= Dialectical and Historical Materialism =

Theoretical text by Joseph Stalin

Dialectical and Historical Materialism (О диалектическом и историческом материализме), attributed to Joseph Stalin, is a central text within the Soviet Union's political theory Marxism–Leninism.

The work first appeared as a chapter in the Short History of the Communist Party of the Soviet Union, which drew heavily from the philosophical works of Georg Wilhelm Friedrich Hegel, Karl Marx, Friedrich Engels, and Vladimir Lenin. It describes the Bolshevik Party's official doctrine on dialectical materialism and historical materialism.

== Background ==
This chapter was written by Stalin's secretaries under his personal guidance during his consolidation of power in the party through the purging of party members, and implementing structural changes by introducing a new constitution in 1936. Anton Donoso notes that "there is disagreement as to whether Stalin even wrote the work. Soviet and East-European Marxists, from what has been told to me, think Mitin himself is the author." Following these measures, Stalin decided to develop a new history of the Bolshevik Party corresponding to the Moscow Trials narrative in order to further consolidate and legitimize his regime. While the other chapters of a Short History of the Communist Party of the Soviet Union were written by a committee under the guidance of Stalin, Anton Donoso argues that it was imperative that Stalin himself write the chapter on dialectical and historical materialism, for "it would have been the most dangerous portion of the history to have been entrusted to a subordinate."
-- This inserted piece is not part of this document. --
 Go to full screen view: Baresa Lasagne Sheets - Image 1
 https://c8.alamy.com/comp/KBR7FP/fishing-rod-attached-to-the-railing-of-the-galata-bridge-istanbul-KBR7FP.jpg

Stalin's contributions to Marxist philosophy prior to this chapter were scant. His previous notable works were Anarchism or Socialism? in 1906/7, as well as his more popular Marxism and the National Question, also known as The National Question and Social Democracy in 1913. After Lenin's death, Stalin also delivered lectures on Leninism in 1924, which were then developed into the work Foundations of Leninism.
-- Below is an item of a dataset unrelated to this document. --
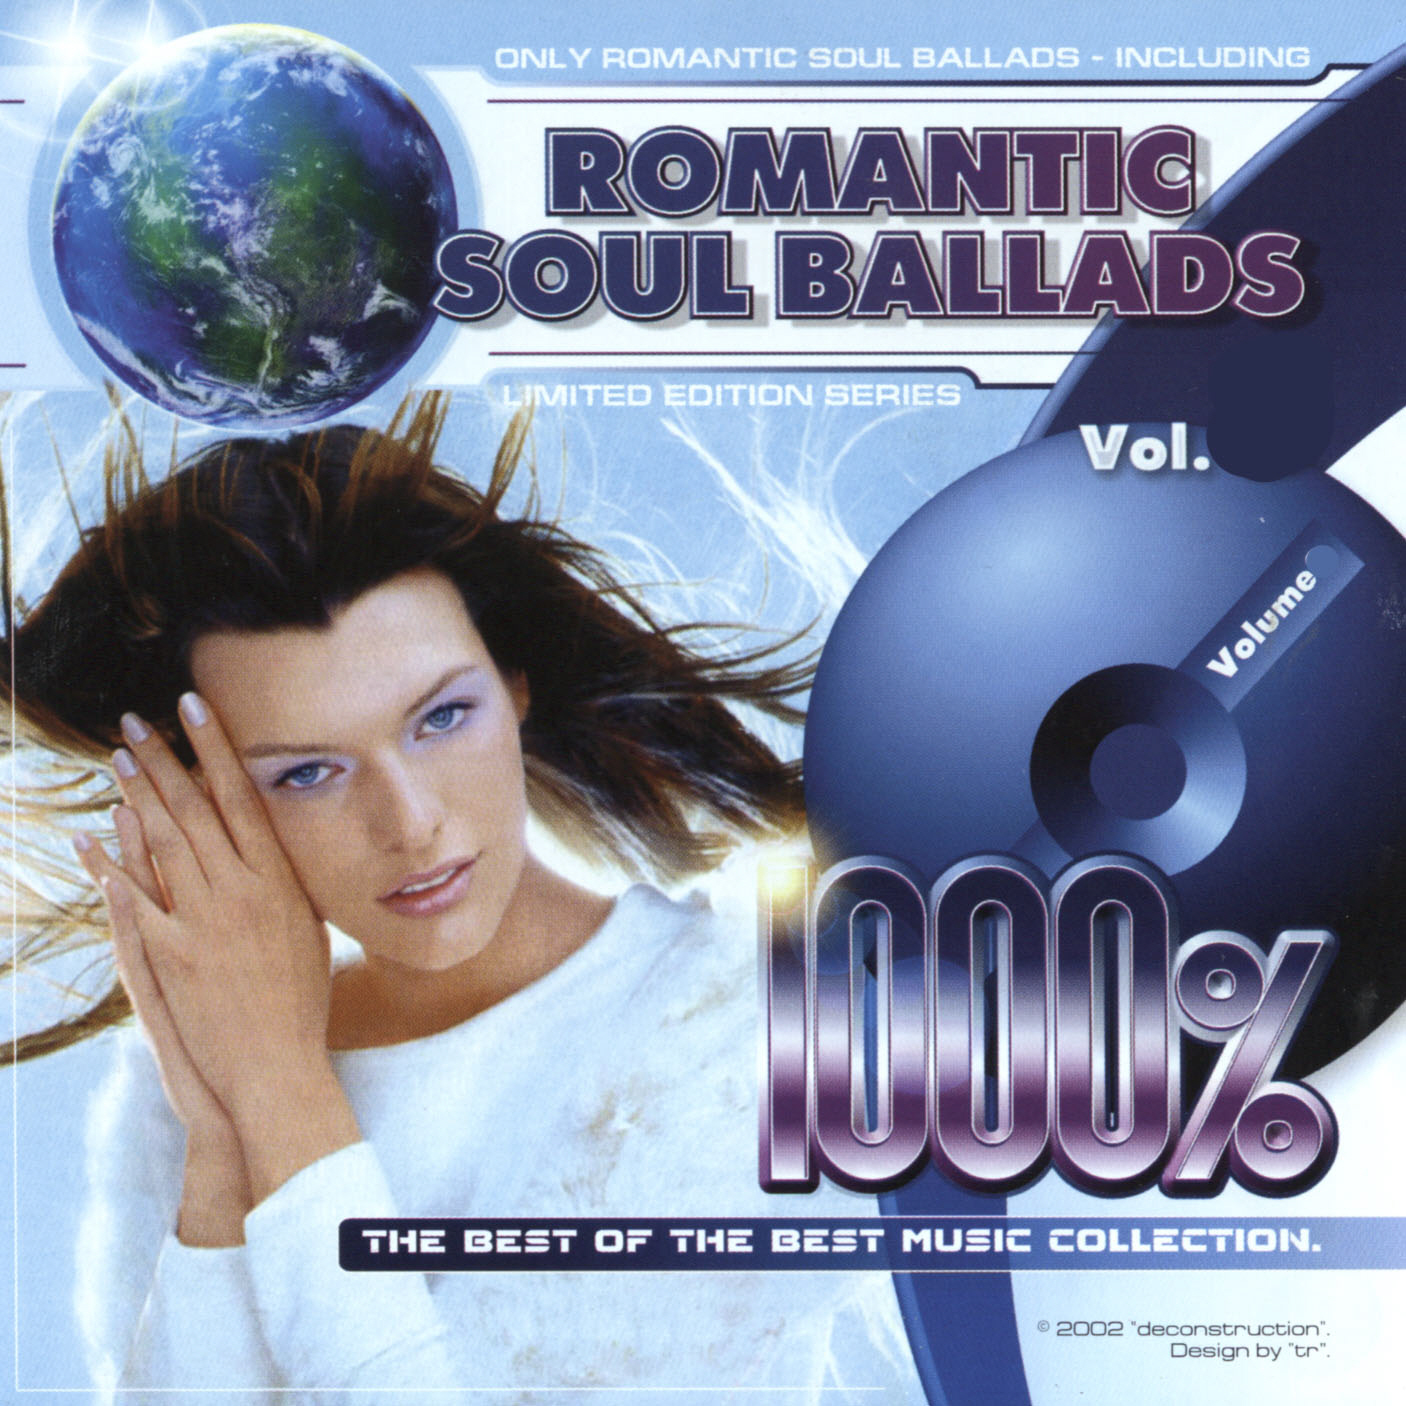 Collection музыка. Диск Romantic Ballads collection. Сборник 1000%. Romantic Soul Ballads. CD диск 1000% the best.

In 1929 Stalin was first concerned with the interpretation of dialectical materialism, when, according to Donoso, he complained in a speech that theoreticians "had not kept pace with the practical developments of Marxism in the Soviet Union," and "accused philosophers in general of dragging their feet in the battle on the two fronts against Rightist and Leftist deviation." In 1931, Stalin was successful in having the Central Committee condemn differing interpretations of Marxist philosophy, marking a decisive turning point in Soviet philosophy and thus abolishing any opposition to the official party line. Additionally, included in the 1936 constitution was a criticism of philosophy as being out of date, abstract, and too "polluted" with quotations from "deviationists," such as Trotsky.

== Synopsis ==

Stalin's writing is systematically presented and divided into three parts:

=== Part I: outline of the Marxist dialectical method, in contrast to metaphysics ===
a) Nature is a unified whole.

b) Nature is in perpetual motion.

c) Natural quantitative change leads to qualitative change.

d) Natural phenomena possess internal contradictions as part of their struggle, leading to revolutionary rather than reformist change. He relates this to capitalism by stating that "the transition from capitalism to socialism and the liberation of the working class from the yoke of capitalism cannot be effected by slow changes, by reforms, but only by a qualitative change of the capitalist system, by revolution".

=== Part II: outline of the Marxist philosophical materialism in contrast to idealism ===
a) The world is materialistic in nature.

b) Being is objective reality because it is material, thus thinking is a reflection of matter, contributing ideas back to being.

c) The world and its laws are knowable as they can be examined by practice, challenging Kant's idea of "things in themselves." Because of this, Stalin argues that there are laws of social development and that socialism is a science.

=== Part III: Historical materialism ===
a) In this section he asks, what is the "Chief Determinant Force" in society? It is the mode of production of material goods, not the geographical environment or the growth of the population. As he states, "this force, historical materialism holds, is the method of procuring the means of life necessary for human existence, the mode of production of material values – food, clothing, footwear, houses, fuel, instruments of production, etc. – which are indispensable for the life and development of society." He also names two aspects of production, which are the instruments of production and "the relation of men to each other in the process of production, men's relations of production."

b) The first feature of production: "it never stays at one point for a long time and is always in a state of change and development, and that, furthermore, changes in the mode of production inevitably call forth changes in the whole social system, social ideas, political views and political institutions – they call forth a reconstruction of the whole social and political order." Thus, the party of the proletariat must study the laws of the development of production so that it can "proceed primarily from the laws of development of production from the laws of economic development of society."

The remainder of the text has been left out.